What makes a mattress?

We spend up to a third of our lives lying on our mattresses, but have you ever wondered how technologies like pocket springs and mattress fillings actually work? Finding out more could help you to make up your mind about which type is right for you.

Open Coil Vs Pocket Sprung Mattresses: Which is Best?

Broadly, there are two types of sprung mattresses: open-coil and pocket-sprung.

What is an open coil mattress?

Open coil is the traditional type, and tend to be less expensive as they can be manufactured on a large scale quickly and easily. They consist of a system of interlinked springs that offer a degree of contouring support, but the mattress filling above them fills in the gaps.

What is a pocket sprung mattress?

Meanwhile, a pocket-sprung mattress consists of hundreds of individual springs, each one contained within its own little pocket. This means that, unlike open coil, pocket springs move independently of one another, helping the mattress to follow and support the contours of your body. If you and your partner are of different sizes and weights, this can help ensure you both enjoy equal support on the same mattress.

Unless you're on a tight budget, it's best to go for pocket springs over open coil if you can. Alternatives include the Miracoil® and Posturepedic® spring systems, which offer some of the advantages of a pocket spring system, although, in most instances, it is possible to buy a more competitively priced pocketed spring system.

How many pocket springs should I choose?

The more, the merrier seems to be the message for pocket-sprung mattresses, and up to a point it's true: a mattress with more springs is more responsive and comfortable. However, mattresses naturally climb in price as the spring count goes up, so a balance needs to be struck between comfort and budget – and past a certain amount, you might not feel much difference.

Based on a king size bed, pocket springs usually go anywhere from 800 to 3,000, although we've seen mattresses with as many as 6,000! Once you go over 1,500 springs, the higher counts tend to be created by making smaller springs and layering them – so a 3,000 spring count mattress will contain two layers of 1,500 springs.

It's not all about the count: different gauges (thicknesses) of wire, and different heights of spring, will also have an impact on how the mattress feels and how expensive it is. Remember, the spring is only one part of what makes a mattress comfy – the filling is also important.

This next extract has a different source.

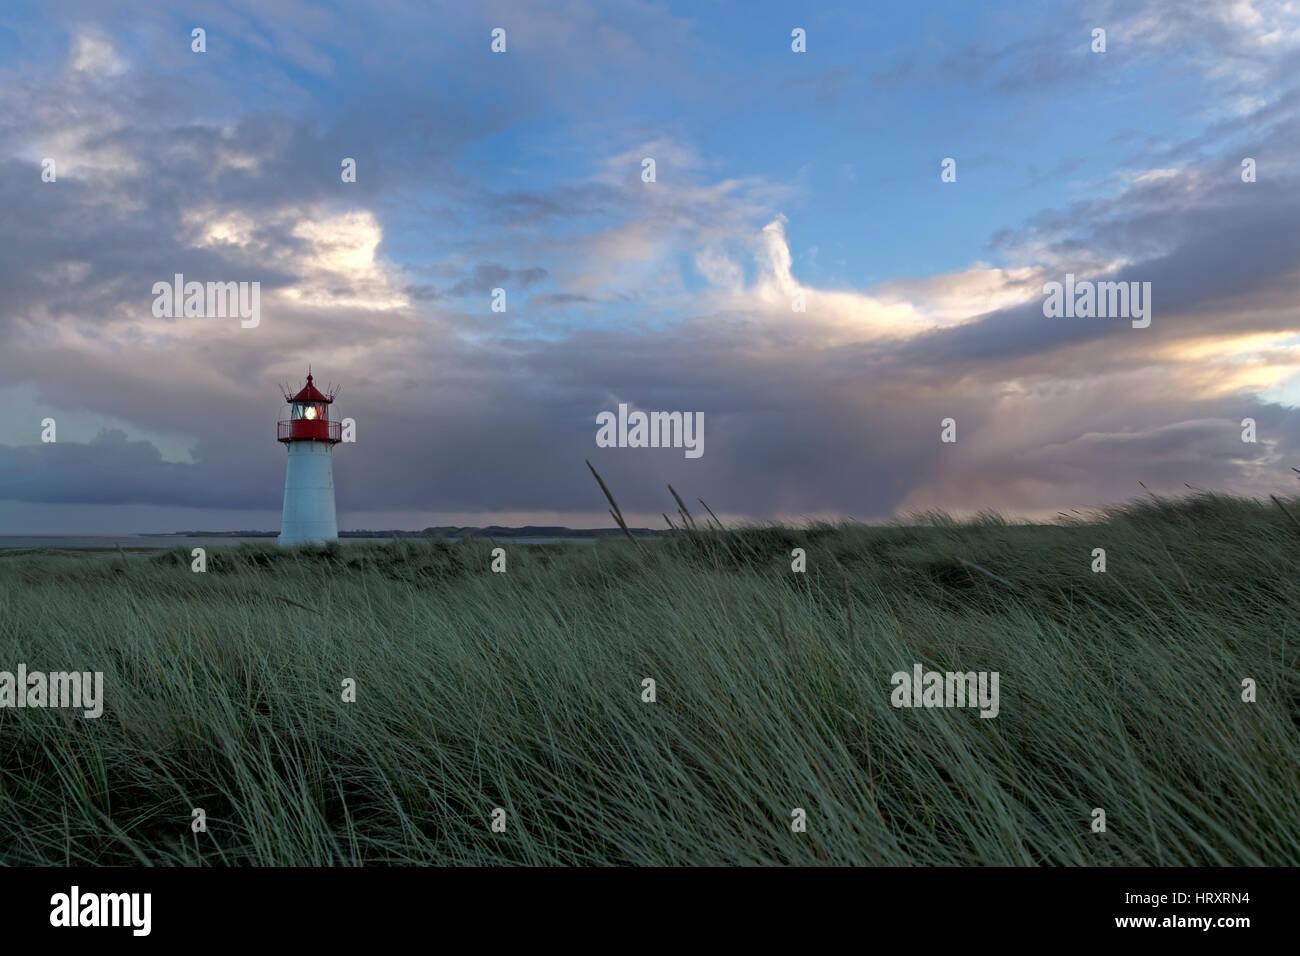 Lighthouse List West, Elbow, Sylt, North Frisia, Germany, Europe - Stock Image

What type of filling should I opt for?

Usually, a mattress is made up of layers of different filling, which can make a big difference to its overall feel, performance and price. There's normally an insulator – typically a mixed-fibre pad on an open-coil mattress, or a thinner layer of fabric on a pocket-sprung unit.

Polyester is commonly used as a filling, as it's low-cost, resilient and comfortable. It comes in different levels of density and quality and can be combined with wool and cotton for added comfort and functionality. Greater proportions of wool and cotton, usually seen in premium mattresses, help to keep it cool in summer and warm in winter.

Another increasingly popular filling is memory foam, which is heat-sensitive and highly responsive, meaning it moulds to your body, helping to reduce pressure points and improve circulation. Along with latex, memory foam fillings are often recommended for people with back or joint pain.

How firm should my mattress be?

This is different for everybody, and the only way to know for sure is to test it for yourself! Unless you have been given specific advice from your doctor or osteopath, it's best to simply try a range of different mattresses until you find a firmness that works for you.

Bear in mind that while many retailers adopt a firmness rating scale of one to five, there's no universally agreed way to score different mattress. The same goes for mattresses with "osteo-" or "ortho-" in their names – again, there's no agreed standard for the use of these terms, so while they can be useful as a rough guide, you can't really know how well a mattress suits you until you've lain on it for yourself.